To study whether optical coherence tomography (OCT) scans correlate retinal histologic findings with the progression of retinal degeneration in retinal degeneration slow (rds) mice.
Sensory retinal thickness (SRT) and outer retinal thickness (ORT), representing photoreceptor cell layer, in temporal retina at a distance 1 to 2 disc diameters from the optic disc were measured using scan profile in OCT from 6 healthy mice (16 weeks old) and 2-week-old (n = 6), 6-week-old (n = 4), and 60-week-old(n = 2) rds mice. Histologic sections were obtained from Epon-embedded retinas from the corresponding location.

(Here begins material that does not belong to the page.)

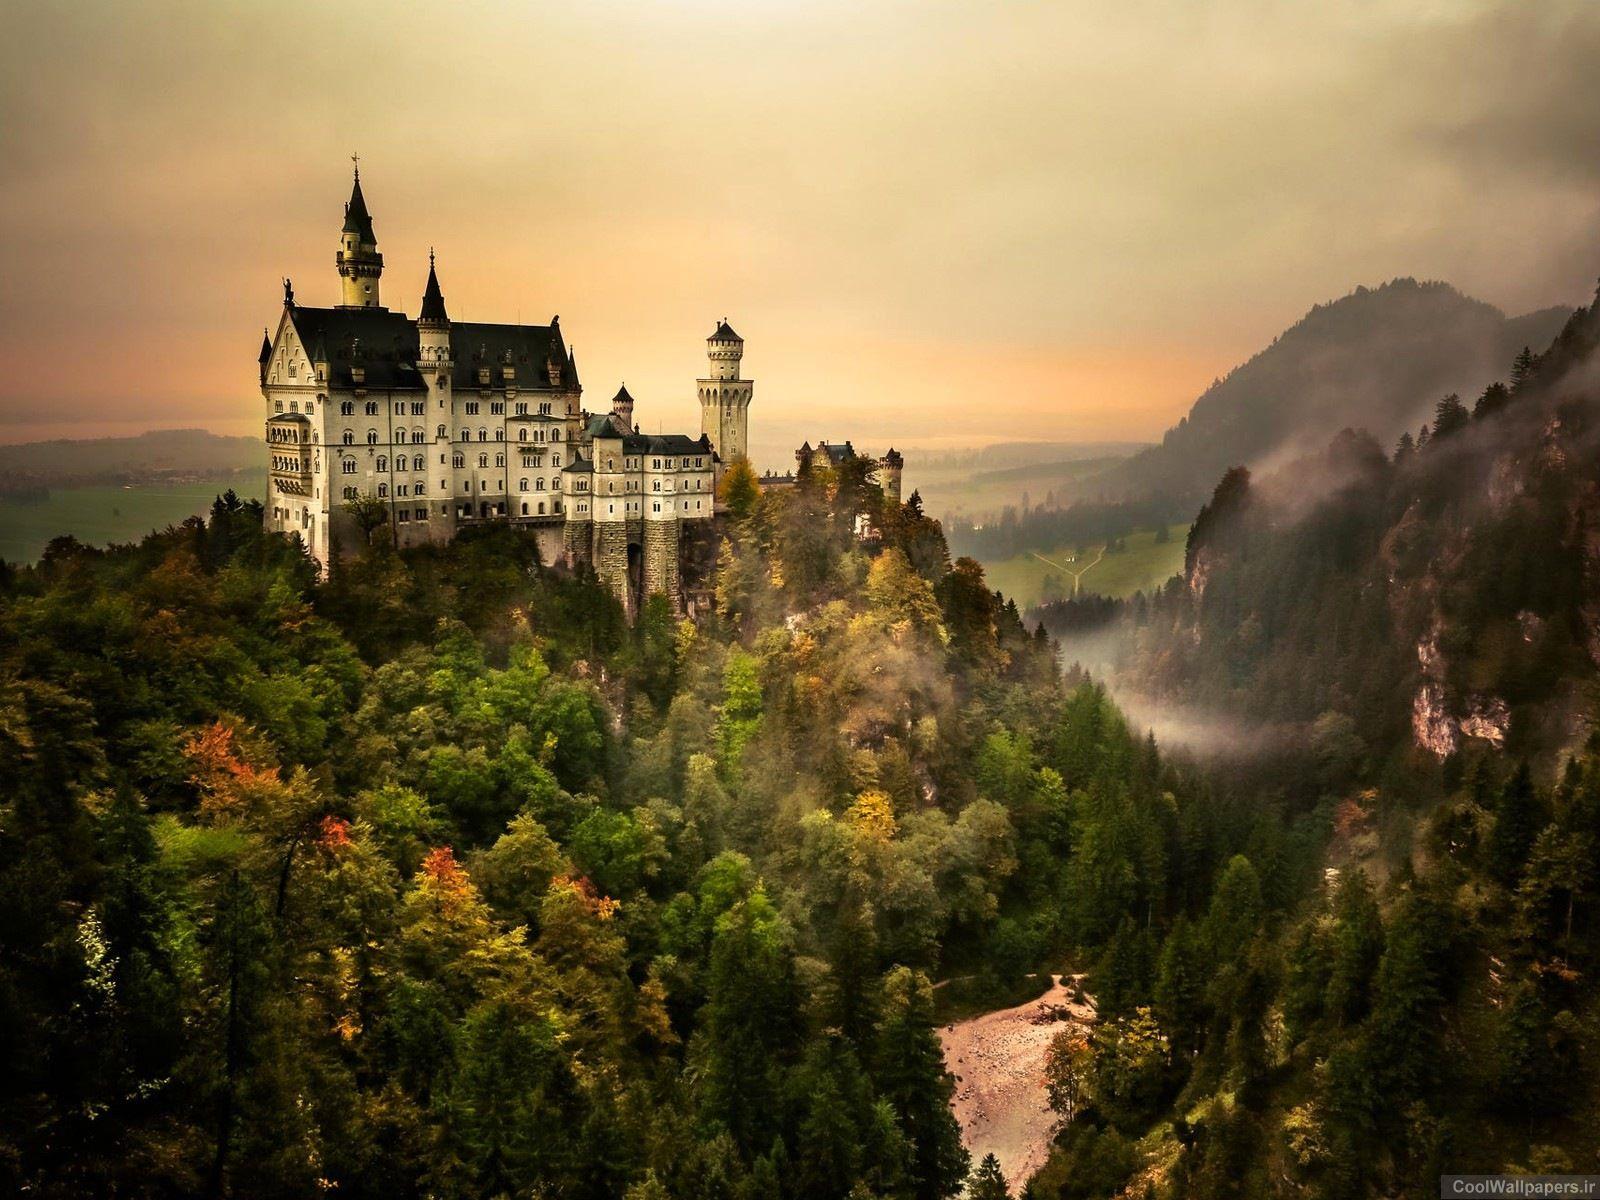 German tour Neuschwanstein castle wallpaper 1600x1200

Cross-sectional OCT images correlated to the corresponding histologic sections in each mouse. Both SRT and ORT of 2-week-old rds mice (150 ± 4 µm and 28 ± 4 µm, respectively) lacking photoreceptor outer segments were already shorter than those of healthy mice (174 ± 5 µm and 37 ± 6 µm, respectively) (P<.001). In 6-week-old mice, microscopic findings revealed a decreased number of nuclei in the outer nuclear layer, and SRT and ORT (136 ± 2 µm and 20 ± 1 µm, respectively) were shorter than those of 2-week-old rds mice (P<.001). The SRT of 60-week-old rds mice without a photoreceptor layer was remarkably reduced (120 ± 7 µm), and no ORT could be measured.
Our findings suggest a possible relationship between SRT and ORT, as measured by OCT, and histologic change in retinal degenerative diseases.
The quantitative analysis obtained by OCT scans may have potential to detect progressive change in degenerative retina and may be used in studying human retinal degeneration.